'It was hard to breathe': China flood terror as train carriage submerged
As floodwater crashed through a busy subway station in China on Tuesday, desperate passengers tried to flee while others were swept helplessly off platforms.
In one train carriage, water seeped in and rose from ankle, to waist, to neck-height. Panicked commuters stretched upwards to breathe, while others lifted shorter people into the shrinking air pocket above.
In terrifying videos shared on social media, some passengers can be seen standing on chairs and clinging to the ceiling as the floodwater creeps upwards. One tried to smash a window, before realising that there was even more water outside the carriage.
Some filmed the unfolding tragedy, while others called loved ones or posted pleas for help. "I can't speak any more," one woman wrote on the social media site Weibo. "If no rescue comes in 20 minutes, hundreds of us will lose our lives."
"We were all standing on the seats, and the water was already on our knees," a woman who gave her name as Ms Li told Elephant News.
"Some shorter passengers had water up to their necks," she said, adding that as time went on the air supply began to diminish.
After about an hour, the train carriage was plunged into darkness and the oxygen level waned further. "I was really scared, but the most terrifying thing was not the water, but the diminishing air supply," one person told Reuters news agency.

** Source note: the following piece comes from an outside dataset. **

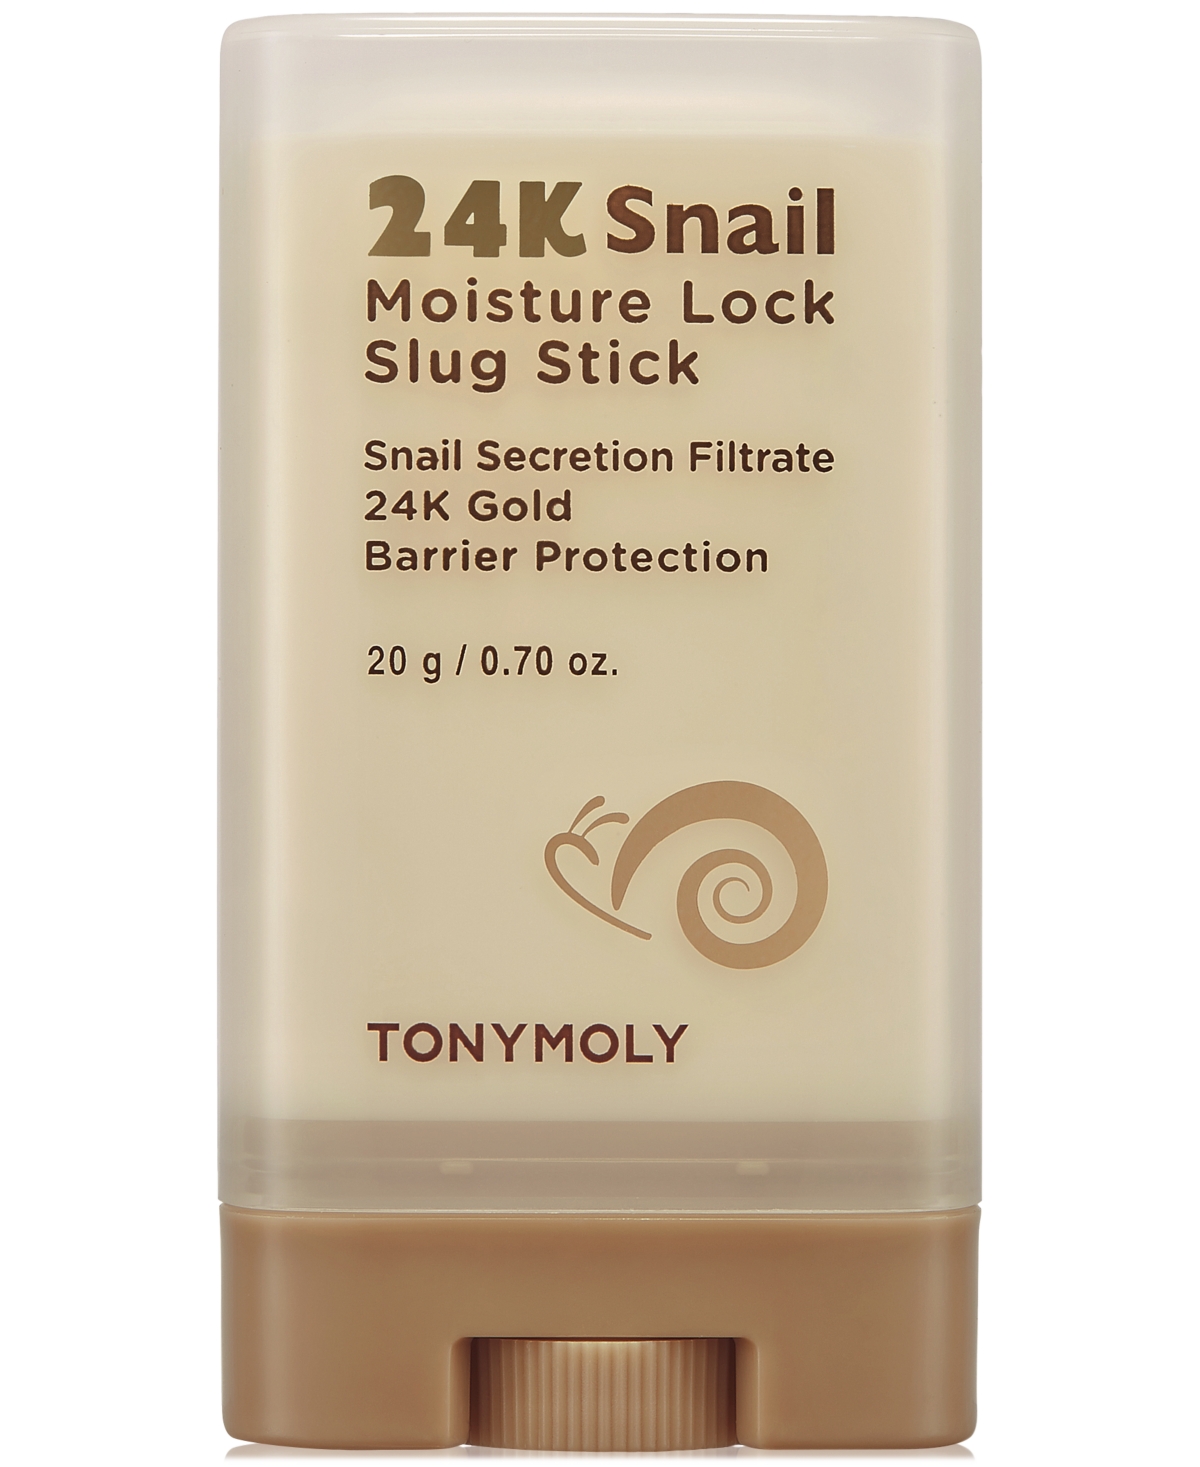 Tonymoly 24k Snail Moisture Lock Slug Stick In No Color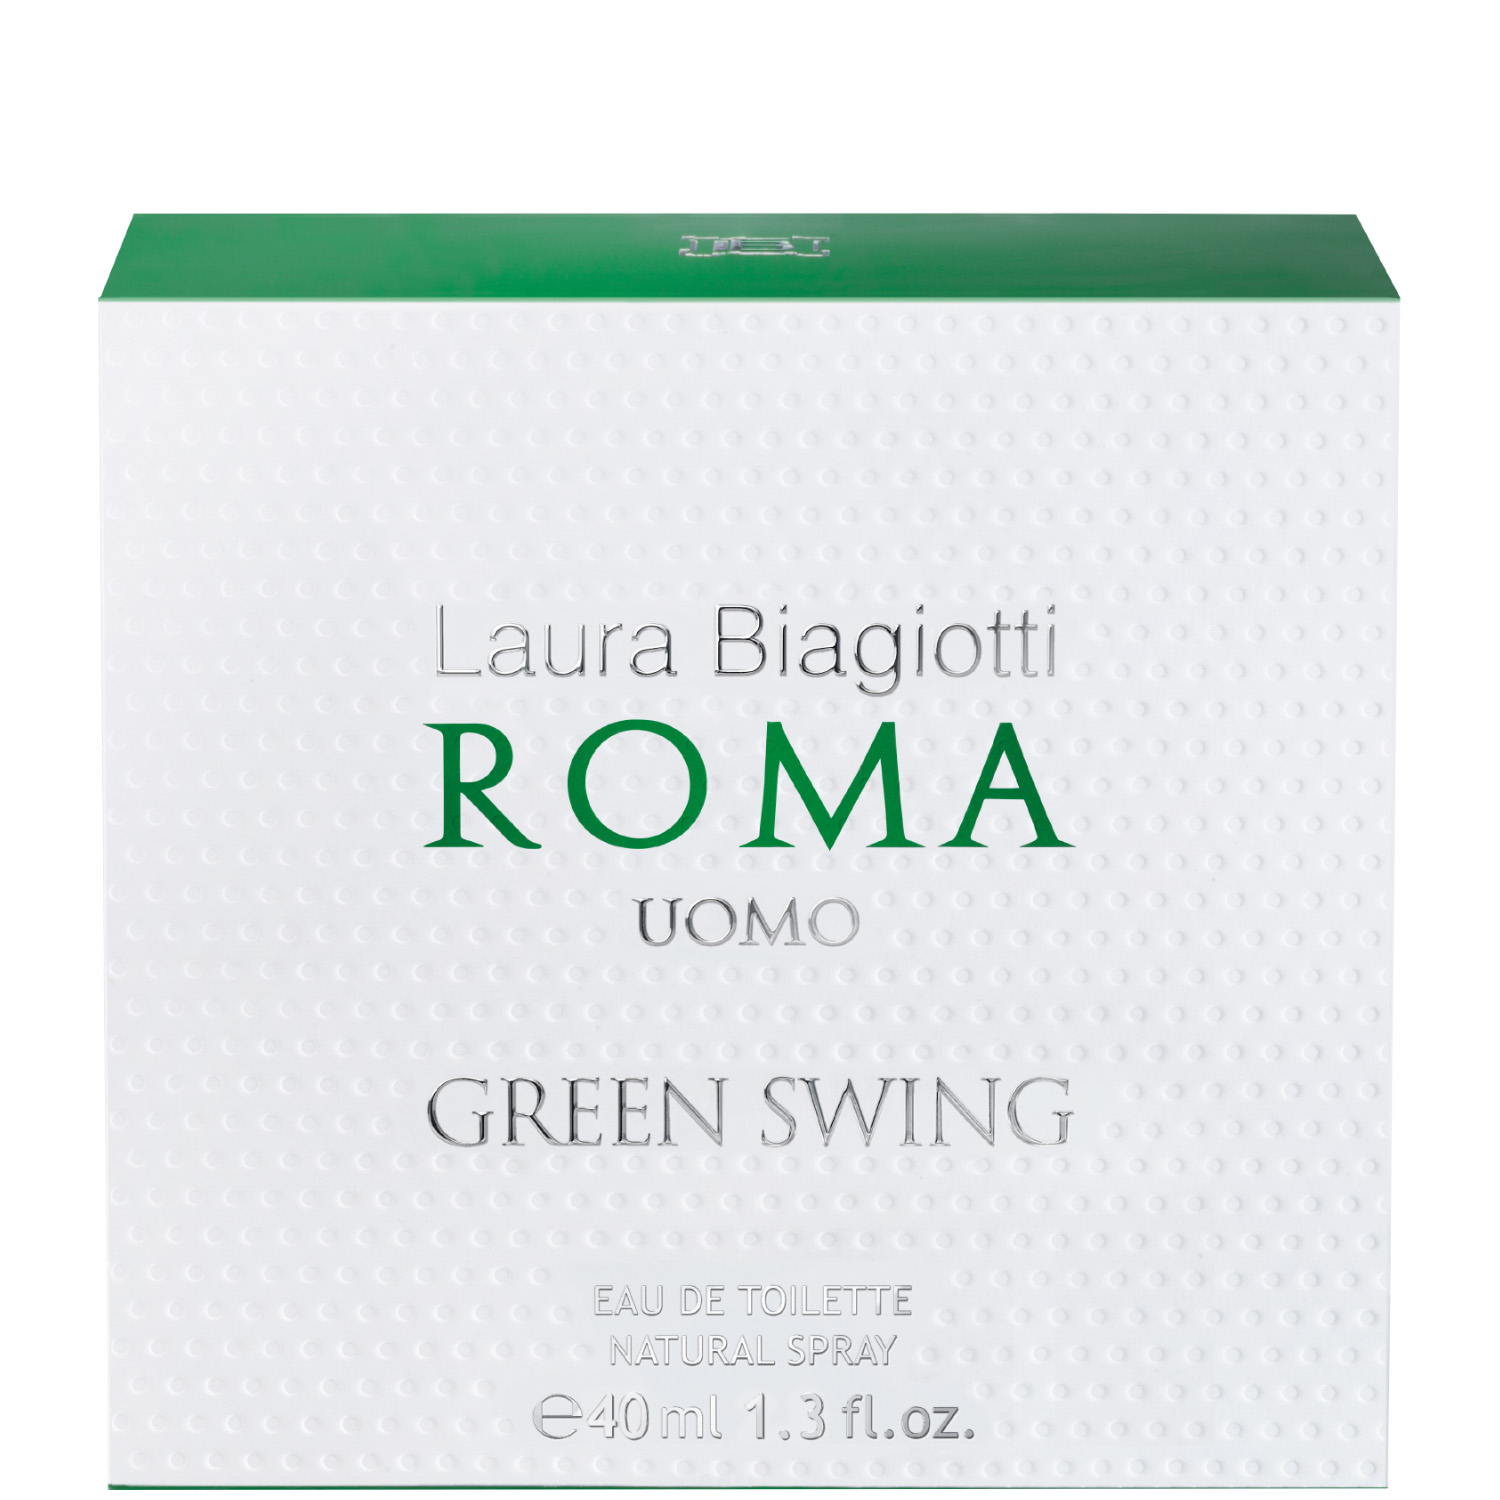 Laura Biagiotti Roma Uomo Green Swing Eau de Toilette 40ml

After several hours of fear and uncertainty, rescuers were able to gain access through the roof of the carriage and pulled people out. "We knocked on the glass a bit [on the ceiling]. Then suddenly there was air," an unnamed woman told state broadcaster CCTV.
Hundreds of people were eventually saved from the flooded subway tunnel in Zhengzhou, a city of 12 million people that sits on the banks of the Yellow River in central Henan province.
But at least 12 are known to have died and five were injured in the subway disaster, which came after the region saw more rainfall in three days than it usually would in a year.
This is a rainy time of year in China and floods happen annually. However, Chinese scientists say global warming has made the situation more dangerous and warn that extreme weather could become more frequent in the future.
In Henan, at least 33 people have died and more than 200,000 have been evacuated. Major roads have been turned into rivers, with cars and debris being swept along by fast moving currents.
At the scene in Zhengzhou
At Shakoulu metro station the shutters are down, a small group of police stand watching at one entrance.
"Is this a crime scene?" I asked one of them. "I can't talk to you," he replied.
This is the place where graphic pictures, shared on social media, showed passengers lying lifeless on the platform below. You can't get down there now. Zhengzhou's metro network is completely closed.
Above ground, though, you can see the evidence and the aftermath: there's mud and silt on the edge of the road, on the other side from where I'm writing workers are fixing a part of the surface that was ripped up by the force of the water.
But to my right is the clearest evidence of what happened here; a four lane underpass vanishes after a few metres under an impromptu lake.
The water stretches out, covering the road, as far as I can see. It comes up almost over the railings on the walkway at the side.
Harrowing accounts of the subway tragedy, and of the dramatic flooding around the province, are continuing to emerge, with witnesses describing scenes of fear and chaos.
"At the start there wasn't much water, then it was like it all started coming at once," one woman who was on the flooded subway train told the news outlet Pear Video.
"Within about 30 minutes it was up to my shoulders," she said. "It was hard to breathe. A lot of people fainted."
The woman, who wanted to remain anonymous, said she was trapped for more than four hours and cried when she was finally rescued.
"There was so much water on the platform, and there was water streaming out of the cracks in the subway doors," another passenger told Jiupai News.
"I'm quite tall, but after about five minutes, the water was already at my chest," he said. "Tall people helped short people and children up onto the seats. I was holding someone's child."
In one post on Weibo, a woman described the panic in the carriage. "Many people started to suffer breathing difficulties," she wrote. "I heard a nearby passenger on her phone, giving her bank account details to her family, and thought I should do the same."
"Water was leaking from the cracks in the door, more and more of it, all of us who could, stood on the subway seats," another post read.
Dramatic images have also been shared of rescues above ground. Emergency workers have used long ropes to pull people to safety as they were dragged along by gushing currents.
"I was lucky that I stayed at home, but we [still] felt like we were going to be washed away," Wang Qian told BBC OS from Zhengzhou.
"I've contacted all of my family and luckily they're all safe. "There's a lot of damage around us. I can see the floods everywhere, lots of cars and water everywhere," she said.
Rescue efforts are continuing around the province, while further downpours have been forecast for the rest of the week.
"We're all waiting to see if everything will be OK soon," Ms Wang said. "We're very scared."